Henry was doing this to him. Squeezing him. Riding him. He could feel the other man’s muscles tense. Feel John’s arm squeeze him. He felt a spurt of heat, heard John let out a groan of surprise, then thrust hard, hard inside him.

He rode out the other man’s pleasure, the groans, until John was a gasping, wrung-out mess.

“Henry.”

“Yes?” He could not hide his own delighted pleasure.

“How close are you?”

“Very close. I should say

John cut him off with a kiss. He hadn’t yet withdrawn from his body. His hand closed around Henry’s cock with an almost possessive groan. He pumped once, twice, his kiss hard and demanding. Henry thought of the feel of John inside him, thrusting, groaning, being laid bare

Very close. He was very close. He was—oh God. He spilled over the edge, his wet semen painting them both. For a second, his mind could not function. There was nothing but that achingly perfect pleasure. The absolute joy of touching someone he knew so well. Someone who trusted him. Who believed in him. Someone who thought that he could be so much. It couldn’t be better.
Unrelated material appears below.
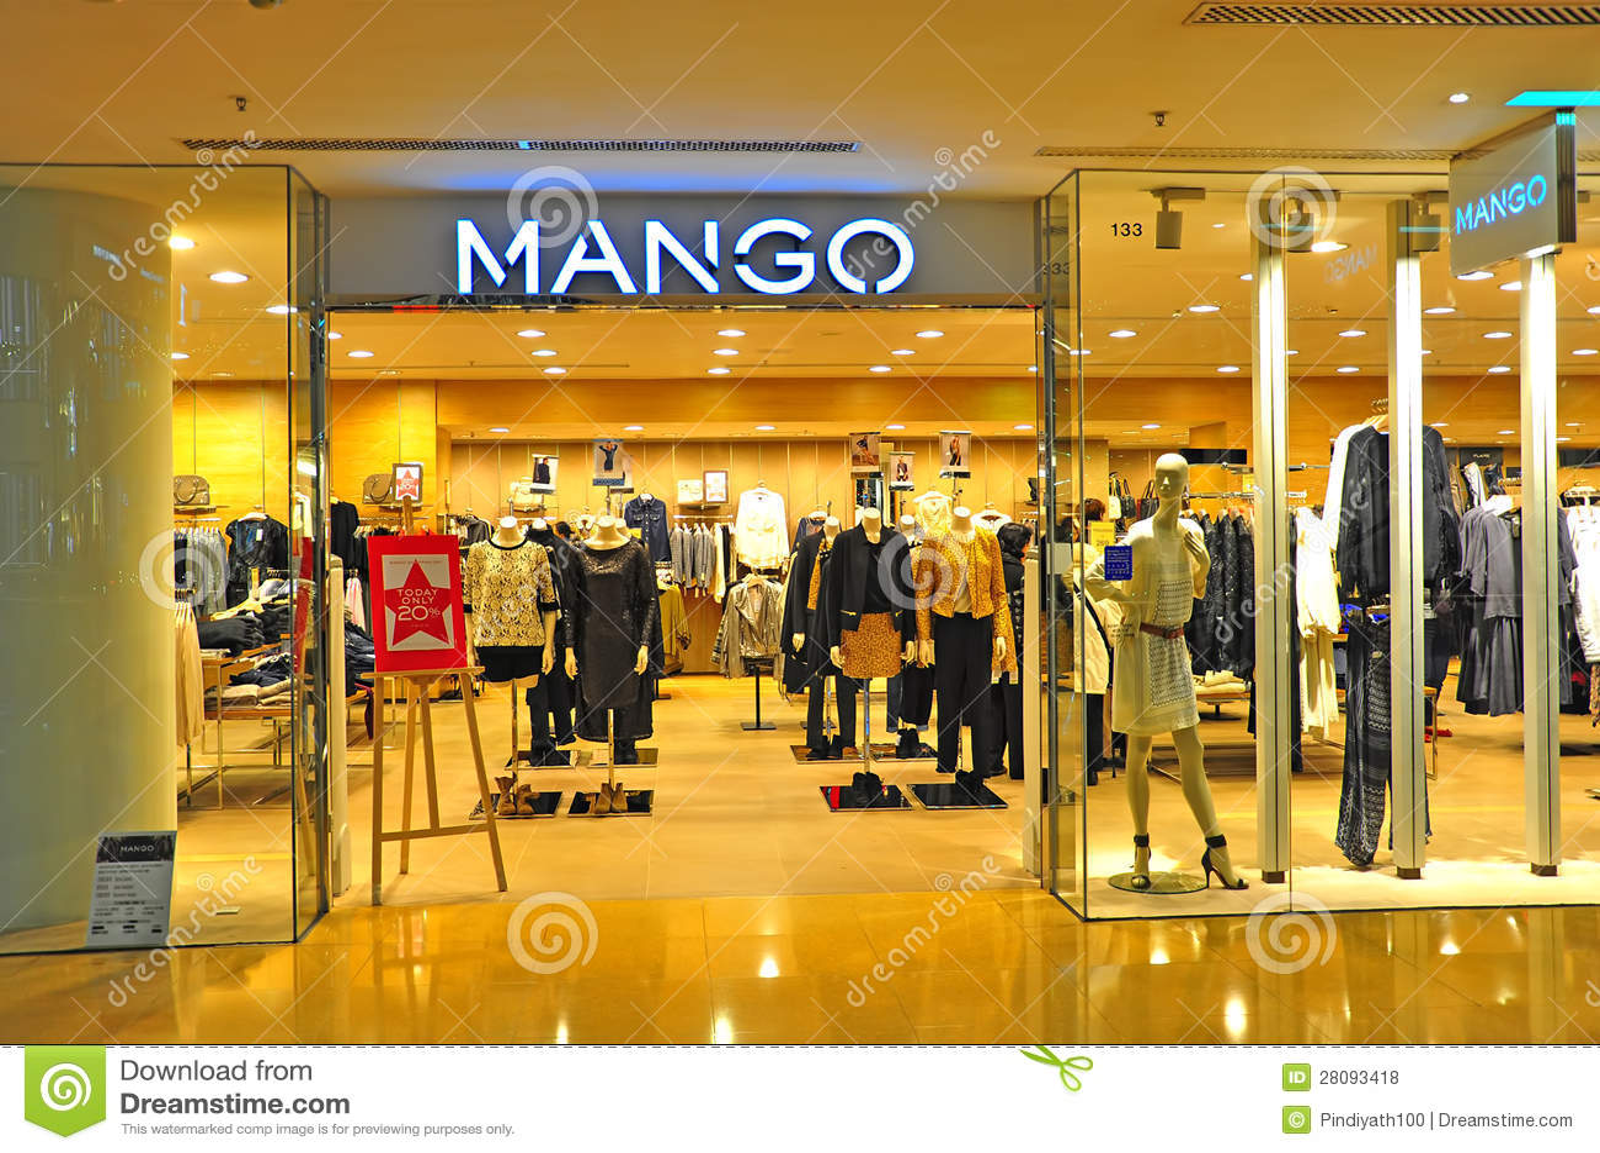 magasin d 39 habits de mangue hong kong photo stock ditorial image du showroom vente 28093418. Black Bedroom Furniture Sets. Home Design Ideas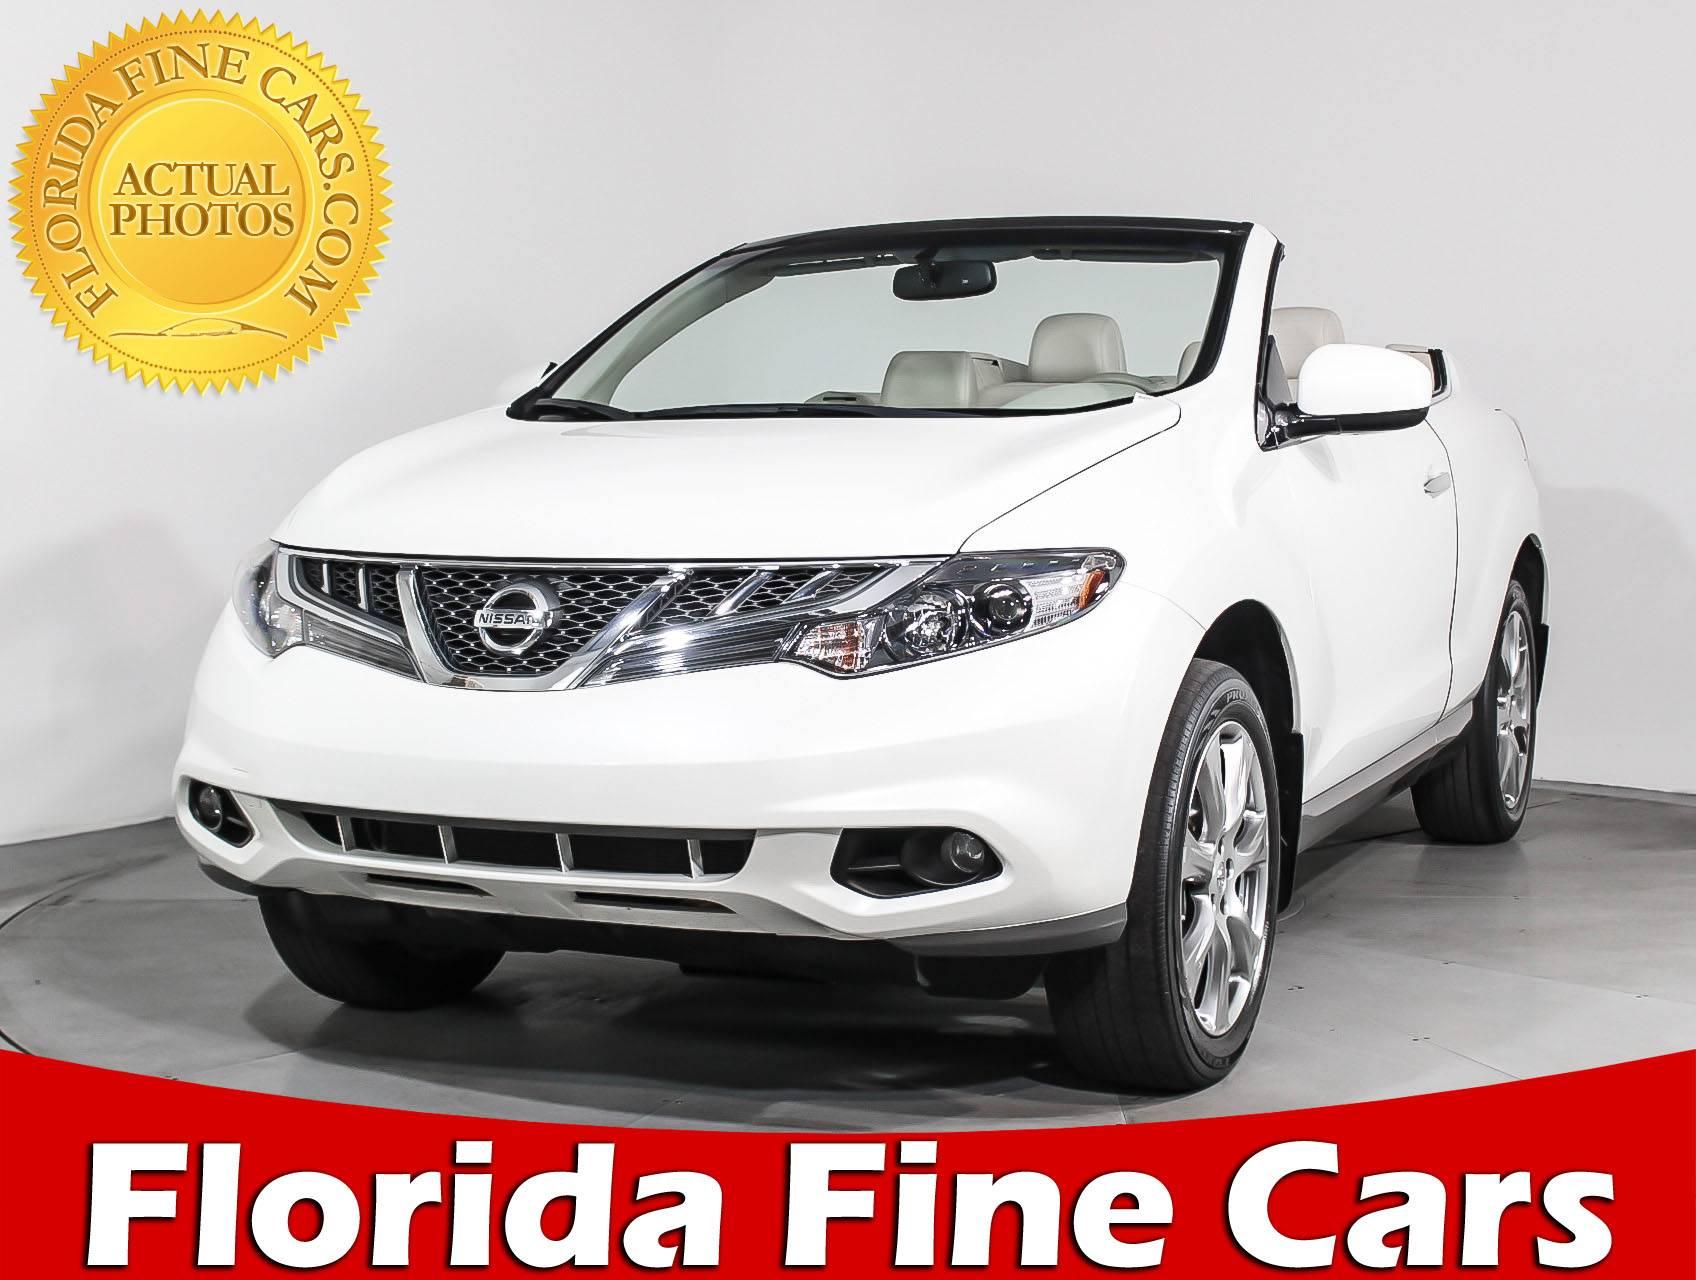 Used 2014 NISSAN MURANO CROSSCABRIOLET Convertible For Sale In MIAMI, FL    93427   Florida Fine Cars

Then John kissed him. “Let me find a cloth.”

It was better. There was a little water still in the canteen, and even though it was half-freezing, having someone take care of him with such tenderness, being able to return the favor… It undid Henry. More even than the sex.

They curled up in the blankets afterward. Their arms, curled around one another, spoke all the words they had not yet said.

It hadn’t been goodbye. It had been everything Henry wanted—desire, affection, a promise of what they could have.

It had been a promise of an illusion, like saying the cheese was delicious. No matter how their bodies had lied, the truth was simple. Henry looked into John’s eyes afterward, trying to find the right words to say.

John found them first. “You’re going back.”

“I’m going back.” Henry shut his eyes. “You’re necessary, John. I need to know that I’m necessary, too. That I can be…” He trailed off.

He didn’t have to finish the sentence.

John trailed his fingers along his shoulder. “We hold these truths to be self-evident,” he whispered, “that all men are created equal, that they are endowed by their Creator with certain unalienable rights, that among these are life, liberty, and the pursuit of…”

John trailed off, shutting his eyes. For one heart-stopping moment, Henry wanted to be the thing John was pursuing. He wanted to be on that list of vital necessities. He wanted to dream that he could be so important.

“Home,” John said instead. “The pursuit of home.”

It wasn’t home in the Declaration, but happiness. Happiness was here. It was evident in the flutter of John’s fingers down his arm, the way their bodies fit together. Happiness was laughing with a man who let their conversation ebb and flow and never called him an idiot for the rapidly turning tide of his thoughts.

Happiness was this journey, and it was coming to an end.

Henry shut his eyes and tried to imagine going back to England. Back to his family. Nothing, still.

“Go,” John whispered, brushing his hair back. “Pursue.”